== Work request ==
Could you output exactly the lines from the one containing "ButterfliesEatReadLove: [Review] DAYlicious: 1" through the end of the records below, and nothing more?

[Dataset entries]
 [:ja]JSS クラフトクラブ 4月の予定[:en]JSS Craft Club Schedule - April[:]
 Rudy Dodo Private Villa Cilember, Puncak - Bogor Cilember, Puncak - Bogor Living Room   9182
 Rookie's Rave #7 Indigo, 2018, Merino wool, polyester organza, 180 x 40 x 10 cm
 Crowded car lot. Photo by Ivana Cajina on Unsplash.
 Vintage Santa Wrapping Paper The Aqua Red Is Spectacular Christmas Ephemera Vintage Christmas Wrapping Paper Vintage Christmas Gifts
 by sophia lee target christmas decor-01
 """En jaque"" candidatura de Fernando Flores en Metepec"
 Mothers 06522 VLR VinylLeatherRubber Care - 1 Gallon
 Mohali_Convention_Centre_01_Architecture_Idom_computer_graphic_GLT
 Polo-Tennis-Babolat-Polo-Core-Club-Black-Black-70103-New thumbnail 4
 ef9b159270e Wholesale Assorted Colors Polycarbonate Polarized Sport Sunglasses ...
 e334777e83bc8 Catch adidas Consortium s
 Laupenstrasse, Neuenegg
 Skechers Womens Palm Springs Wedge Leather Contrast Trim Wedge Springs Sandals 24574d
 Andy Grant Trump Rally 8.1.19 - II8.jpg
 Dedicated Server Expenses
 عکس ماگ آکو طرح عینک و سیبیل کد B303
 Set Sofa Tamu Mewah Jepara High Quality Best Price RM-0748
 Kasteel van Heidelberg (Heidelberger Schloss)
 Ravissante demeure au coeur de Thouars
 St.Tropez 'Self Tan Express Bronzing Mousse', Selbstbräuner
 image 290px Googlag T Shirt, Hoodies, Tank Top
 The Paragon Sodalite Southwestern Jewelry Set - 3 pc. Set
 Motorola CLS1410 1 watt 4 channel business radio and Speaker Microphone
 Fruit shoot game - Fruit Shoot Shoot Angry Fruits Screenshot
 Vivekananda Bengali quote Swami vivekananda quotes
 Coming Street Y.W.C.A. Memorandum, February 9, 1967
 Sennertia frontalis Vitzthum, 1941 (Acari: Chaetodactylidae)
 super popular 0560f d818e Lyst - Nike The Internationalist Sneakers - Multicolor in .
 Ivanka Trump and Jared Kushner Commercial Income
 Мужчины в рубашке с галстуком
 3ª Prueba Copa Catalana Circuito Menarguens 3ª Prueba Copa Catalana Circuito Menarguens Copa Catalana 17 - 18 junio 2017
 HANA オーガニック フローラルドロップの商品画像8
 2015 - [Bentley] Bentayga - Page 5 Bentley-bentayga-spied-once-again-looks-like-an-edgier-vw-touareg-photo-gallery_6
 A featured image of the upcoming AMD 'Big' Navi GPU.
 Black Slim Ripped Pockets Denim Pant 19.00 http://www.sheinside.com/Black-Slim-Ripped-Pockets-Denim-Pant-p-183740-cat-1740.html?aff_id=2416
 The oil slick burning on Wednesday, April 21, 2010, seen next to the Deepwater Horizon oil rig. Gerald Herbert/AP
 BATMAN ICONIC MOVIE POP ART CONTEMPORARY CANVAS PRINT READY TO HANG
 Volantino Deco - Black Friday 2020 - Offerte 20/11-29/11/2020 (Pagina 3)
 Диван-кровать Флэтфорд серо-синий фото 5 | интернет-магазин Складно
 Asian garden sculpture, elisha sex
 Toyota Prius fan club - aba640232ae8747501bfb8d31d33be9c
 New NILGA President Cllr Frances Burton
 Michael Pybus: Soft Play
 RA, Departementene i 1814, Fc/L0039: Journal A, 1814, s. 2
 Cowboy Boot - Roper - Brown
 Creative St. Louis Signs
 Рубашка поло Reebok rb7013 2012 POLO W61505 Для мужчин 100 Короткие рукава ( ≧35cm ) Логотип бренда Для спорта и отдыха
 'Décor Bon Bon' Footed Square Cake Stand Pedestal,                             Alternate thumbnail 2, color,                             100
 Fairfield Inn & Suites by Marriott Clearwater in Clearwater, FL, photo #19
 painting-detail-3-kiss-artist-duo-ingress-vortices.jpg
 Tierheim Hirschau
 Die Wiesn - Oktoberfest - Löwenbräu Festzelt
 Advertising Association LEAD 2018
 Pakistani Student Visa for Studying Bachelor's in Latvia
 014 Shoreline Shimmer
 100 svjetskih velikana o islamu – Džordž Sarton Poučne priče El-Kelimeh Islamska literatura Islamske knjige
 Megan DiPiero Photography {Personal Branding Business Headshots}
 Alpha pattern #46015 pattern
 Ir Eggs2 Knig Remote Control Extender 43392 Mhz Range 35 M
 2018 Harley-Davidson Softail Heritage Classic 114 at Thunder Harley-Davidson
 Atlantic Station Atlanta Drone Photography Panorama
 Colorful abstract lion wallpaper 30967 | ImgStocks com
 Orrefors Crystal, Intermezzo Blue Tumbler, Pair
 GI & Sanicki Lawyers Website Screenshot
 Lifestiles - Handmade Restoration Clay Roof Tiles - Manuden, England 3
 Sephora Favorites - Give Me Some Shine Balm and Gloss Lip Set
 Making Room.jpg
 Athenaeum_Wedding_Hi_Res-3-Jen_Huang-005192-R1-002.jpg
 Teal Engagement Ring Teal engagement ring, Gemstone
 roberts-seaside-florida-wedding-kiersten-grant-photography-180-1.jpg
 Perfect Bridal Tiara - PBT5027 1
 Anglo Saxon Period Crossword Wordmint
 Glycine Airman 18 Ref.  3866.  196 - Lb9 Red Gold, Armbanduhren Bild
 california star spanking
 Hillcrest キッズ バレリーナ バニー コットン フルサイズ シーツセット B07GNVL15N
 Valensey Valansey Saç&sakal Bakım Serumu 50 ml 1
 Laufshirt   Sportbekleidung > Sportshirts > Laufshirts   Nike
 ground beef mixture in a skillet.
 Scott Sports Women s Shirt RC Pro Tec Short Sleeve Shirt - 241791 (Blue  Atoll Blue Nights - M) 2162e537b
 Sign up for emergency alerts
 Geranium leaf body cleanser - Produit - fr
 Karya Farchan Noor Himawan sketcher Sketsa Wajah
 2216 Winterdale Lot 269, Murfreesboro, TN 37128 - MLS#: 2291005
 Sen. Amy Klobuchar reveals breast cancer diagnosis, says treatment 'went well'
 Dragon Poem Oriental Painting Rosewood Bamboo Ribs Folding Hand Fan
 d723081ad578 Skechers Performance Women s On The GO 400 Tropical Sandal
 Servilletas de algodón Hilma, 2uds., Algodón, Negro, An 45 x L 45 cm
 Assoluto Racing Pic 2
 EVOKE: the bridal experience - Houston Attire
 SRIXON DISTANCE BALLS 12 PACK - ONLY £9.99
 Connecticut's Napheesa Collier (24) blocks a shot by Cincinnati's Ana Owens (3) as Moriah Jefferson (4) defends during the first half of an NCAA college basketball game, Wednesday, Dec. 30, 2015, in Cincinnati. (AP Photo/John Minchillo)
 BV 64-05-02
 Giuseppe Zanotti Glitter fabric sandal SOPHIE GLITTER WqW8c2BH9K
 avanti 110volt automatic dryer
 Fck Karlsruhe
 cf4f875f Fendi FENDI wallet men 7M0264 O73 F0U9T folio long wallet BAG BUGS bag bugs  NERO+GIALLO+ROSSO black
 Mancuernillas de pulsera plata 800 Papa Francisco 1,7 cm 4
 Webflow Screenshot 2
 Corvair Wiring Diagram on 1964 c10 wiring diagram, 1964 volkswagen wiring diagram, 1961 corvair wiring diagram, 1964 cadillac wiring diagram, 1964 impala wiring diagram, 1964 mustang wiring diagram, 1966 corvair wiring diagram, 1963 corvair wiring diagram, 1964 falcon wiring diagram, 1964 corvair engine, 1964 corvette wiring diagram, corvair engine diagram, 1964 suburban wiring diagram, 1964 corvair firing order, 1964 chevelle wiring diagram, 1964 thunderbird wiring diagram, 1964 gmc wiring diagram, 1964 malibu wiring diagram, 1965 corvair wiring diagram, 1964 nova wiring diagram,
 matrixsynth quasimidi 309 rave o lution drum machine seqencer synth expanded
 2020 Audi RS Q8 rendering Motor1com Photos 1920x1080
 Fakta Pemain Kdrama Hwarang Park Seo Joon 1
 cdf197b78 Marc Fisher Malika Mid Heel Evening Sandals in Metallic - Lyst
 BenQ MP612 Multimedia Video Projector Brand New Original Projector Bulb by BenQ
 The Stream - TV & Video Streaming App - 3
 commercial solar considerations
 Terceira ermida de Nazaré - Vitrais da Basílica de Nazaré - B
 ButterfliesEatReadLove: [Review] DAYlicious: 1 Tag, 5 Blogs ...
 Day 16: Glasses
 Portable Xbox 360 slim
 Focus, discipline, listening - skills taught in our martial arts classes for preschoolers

== Exercise response ==
 ButterfliesEatReadLove: [Review] DAYlicious: 1 Tag, 5 Blogs ...
 Day 16: Glasses
 Portable Xbox 360 slim
 Focus, discipline, listening - skills taught in our martial arts classes for preschoolers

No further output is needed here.